## Brief:
Where the data below shows a picture, leave that picture out and copy the rest exactly.

Given information below:

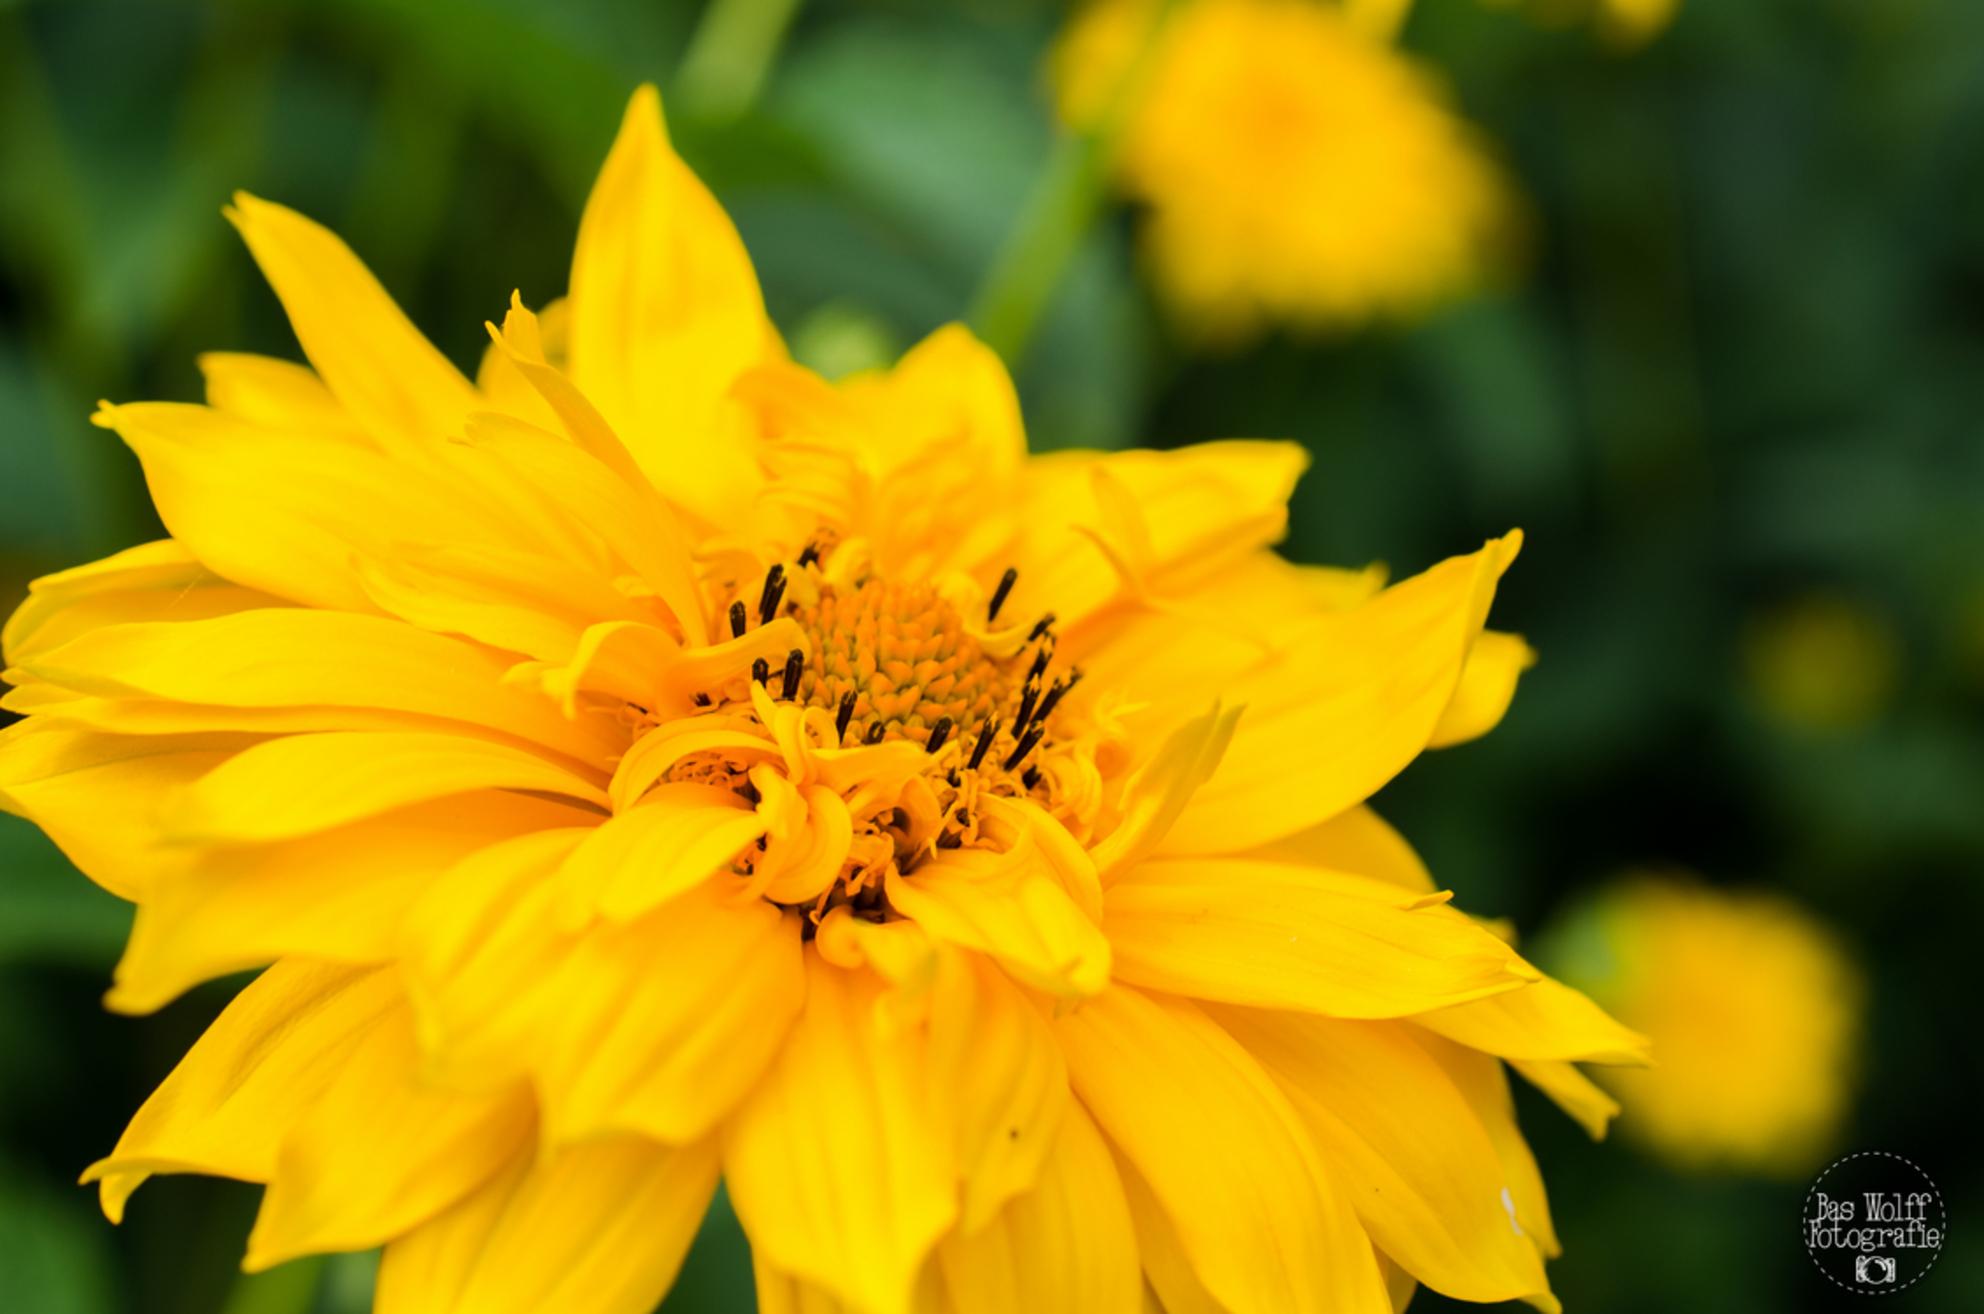 IJssevliedt - Ik ben geen planten/ bloemenkenner, wie helpt mij? - foto door baswolff op 26-06-2014 - deze foto bevat: groen, paars, macro, zon, plant, bloem, zonnebloem, natuur, geel, distel, landgoed, zomer, meeldraden, nikon, stekels, wezep, ijsselvliedt, D5100
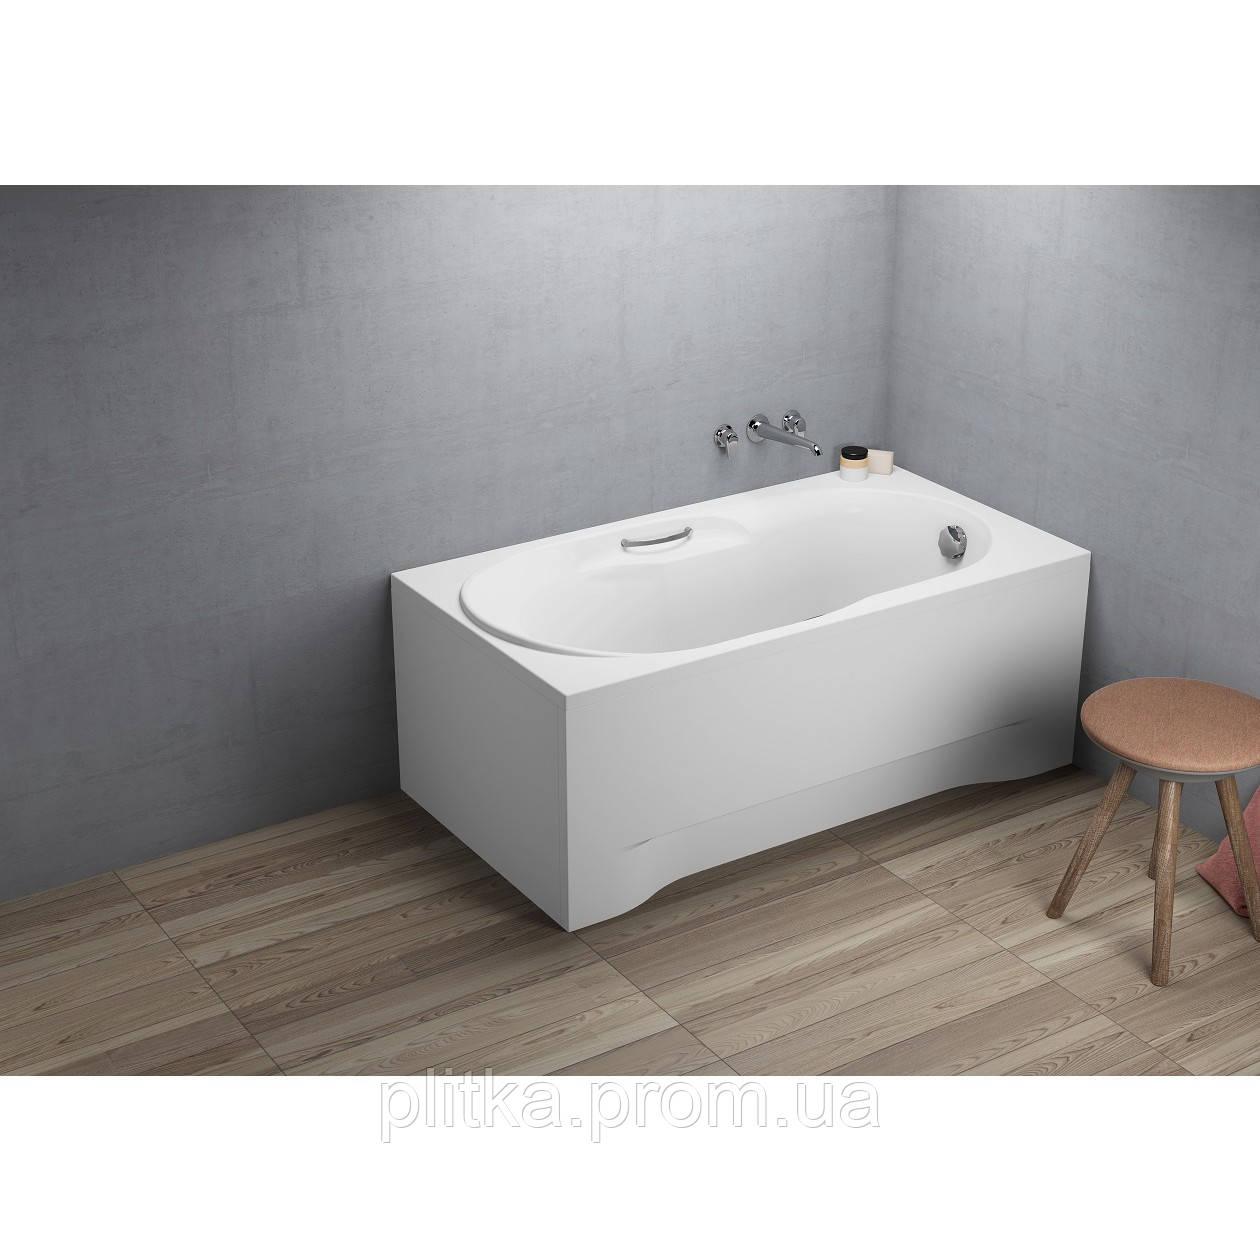 Ванна прямоугольная LUX 140x75
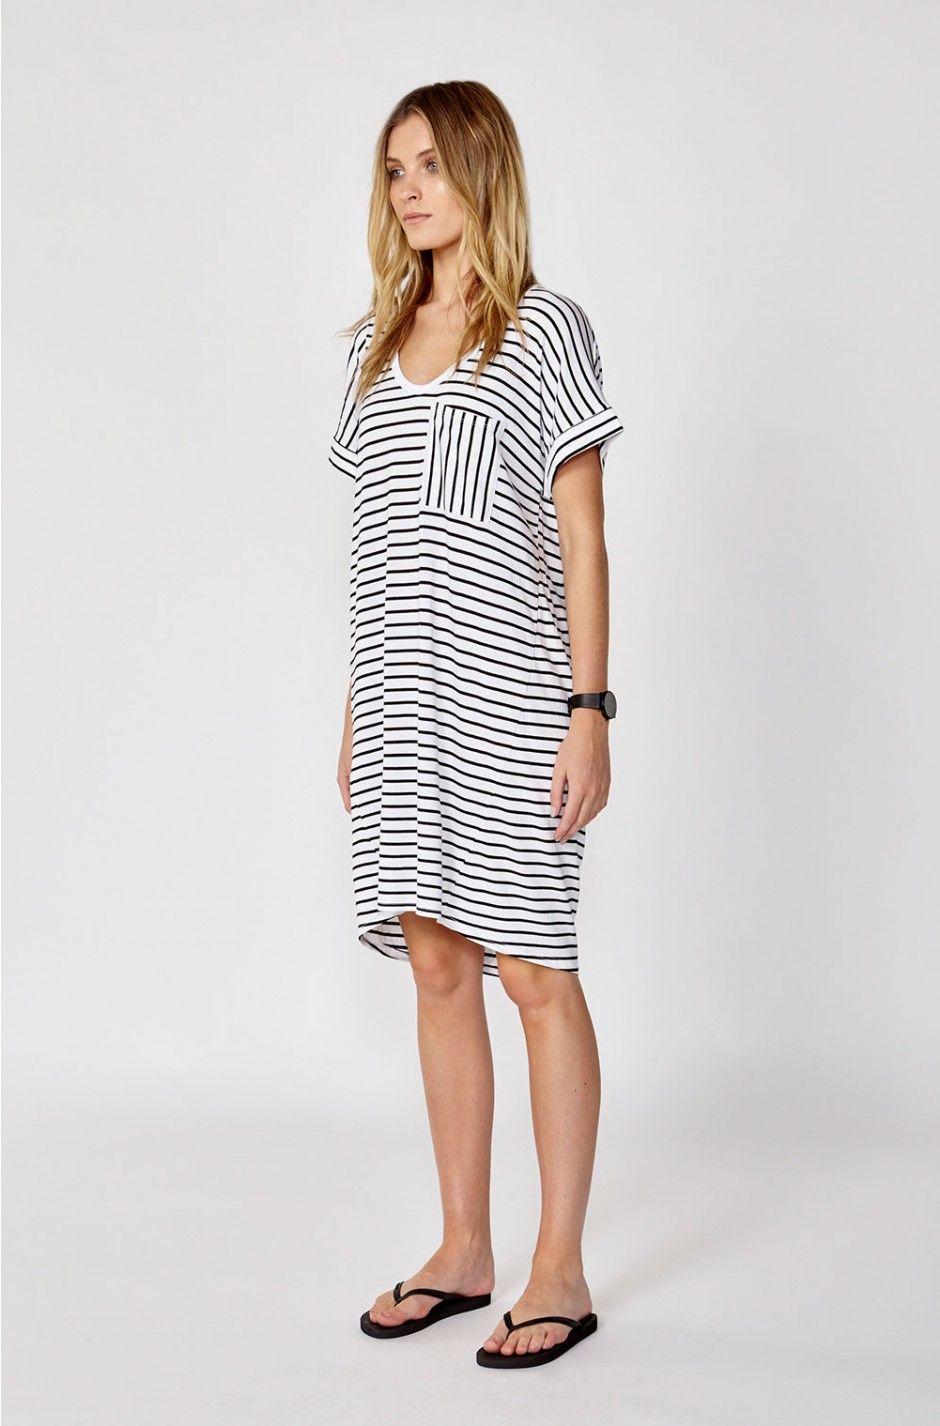 Luxe Boyfriend T Shirt Dress White Black Stripe Xs Dresses 7
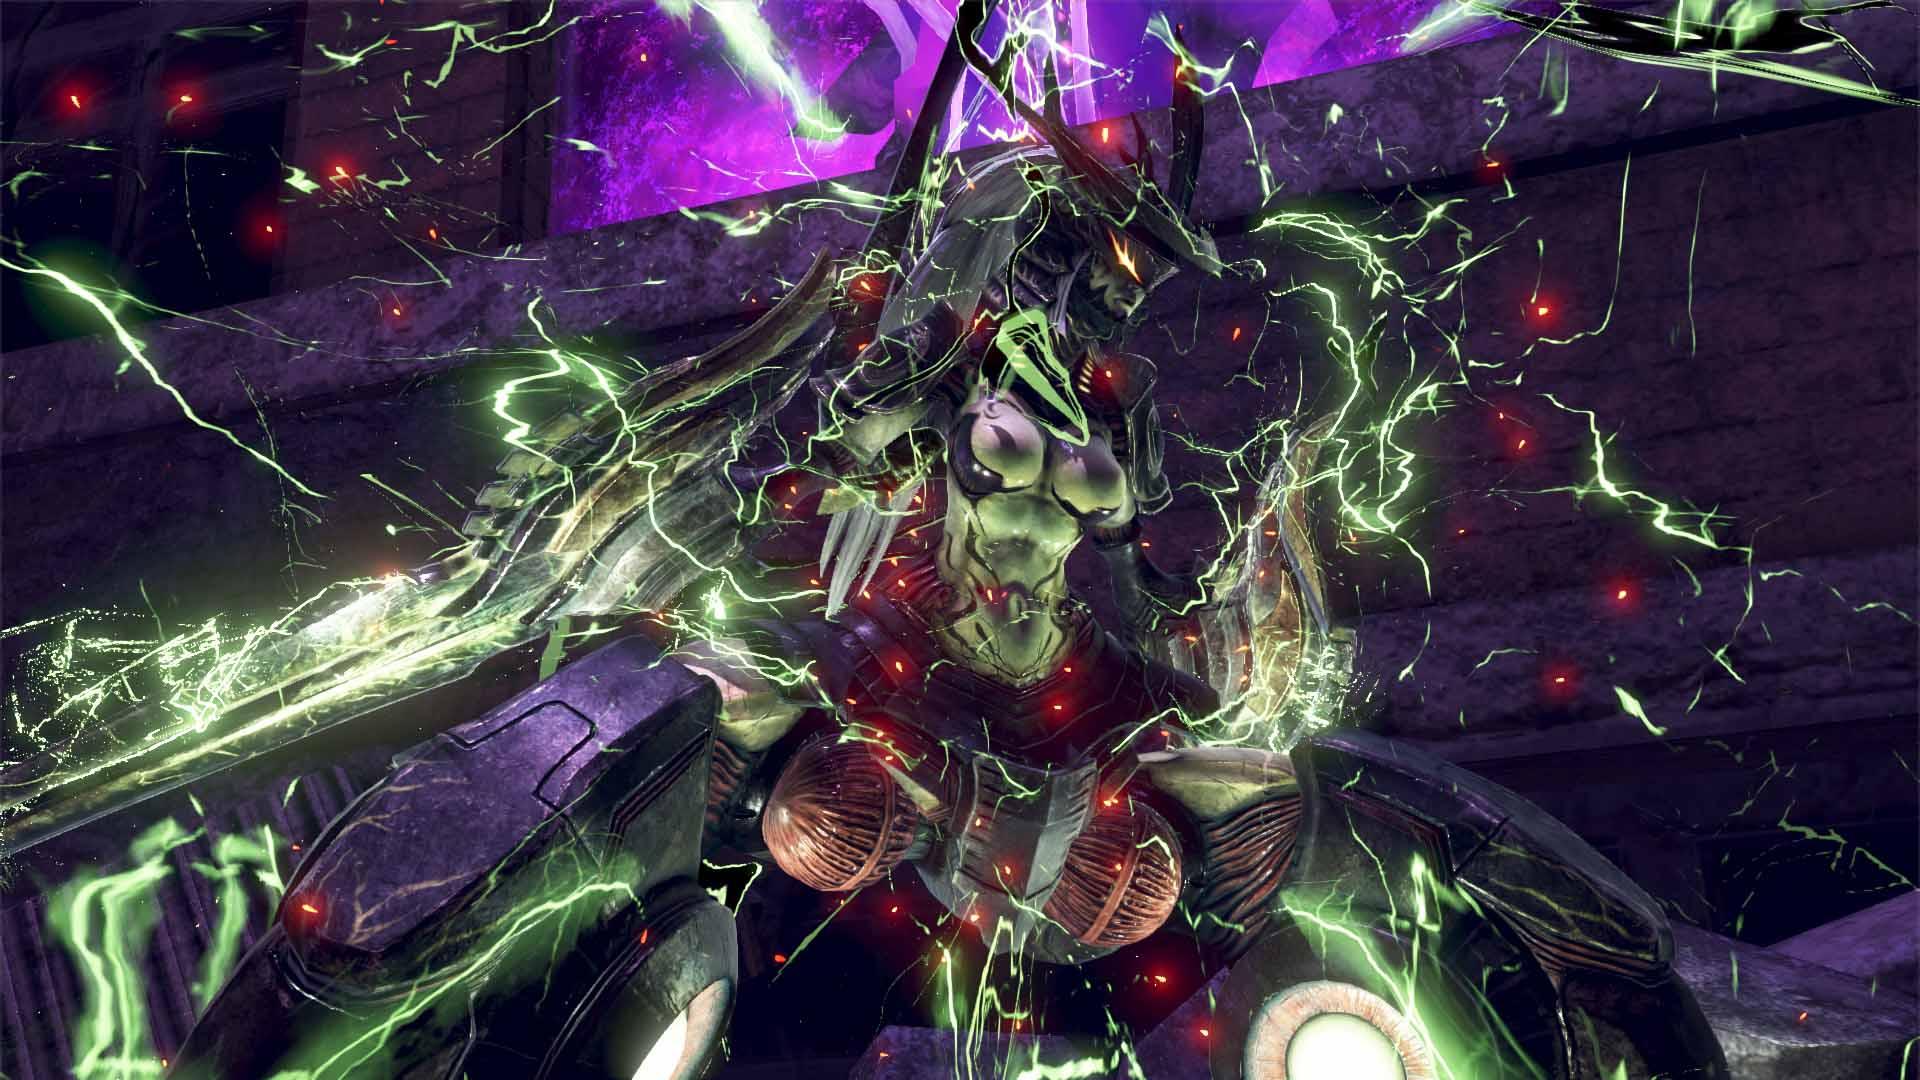 Afbeeldingsresultaat voor Ameno habakiri god eater 3

End of Given information.

## Problem solution:
 IJssevliedt - Ik ben geen planten/ bloemenkenner, wie helpt mij? - foto door baswolff op 26-06-2014 - deze foto bevat: groen, paars, macro, zon, plant, bloem, zonnebloem, natuur, geel, distel, landgoed, zomer, meeldraden, nikon, stekels, wezep, ijsselvliedt, D5100
 Ванна прямоугольная LUX 140x75
 Luxe Boyfriend T Shirt Dress White Black Stripe Xs Dresses 7
 Afbeeldingsresultaat voor Ameno habakiri god eater 3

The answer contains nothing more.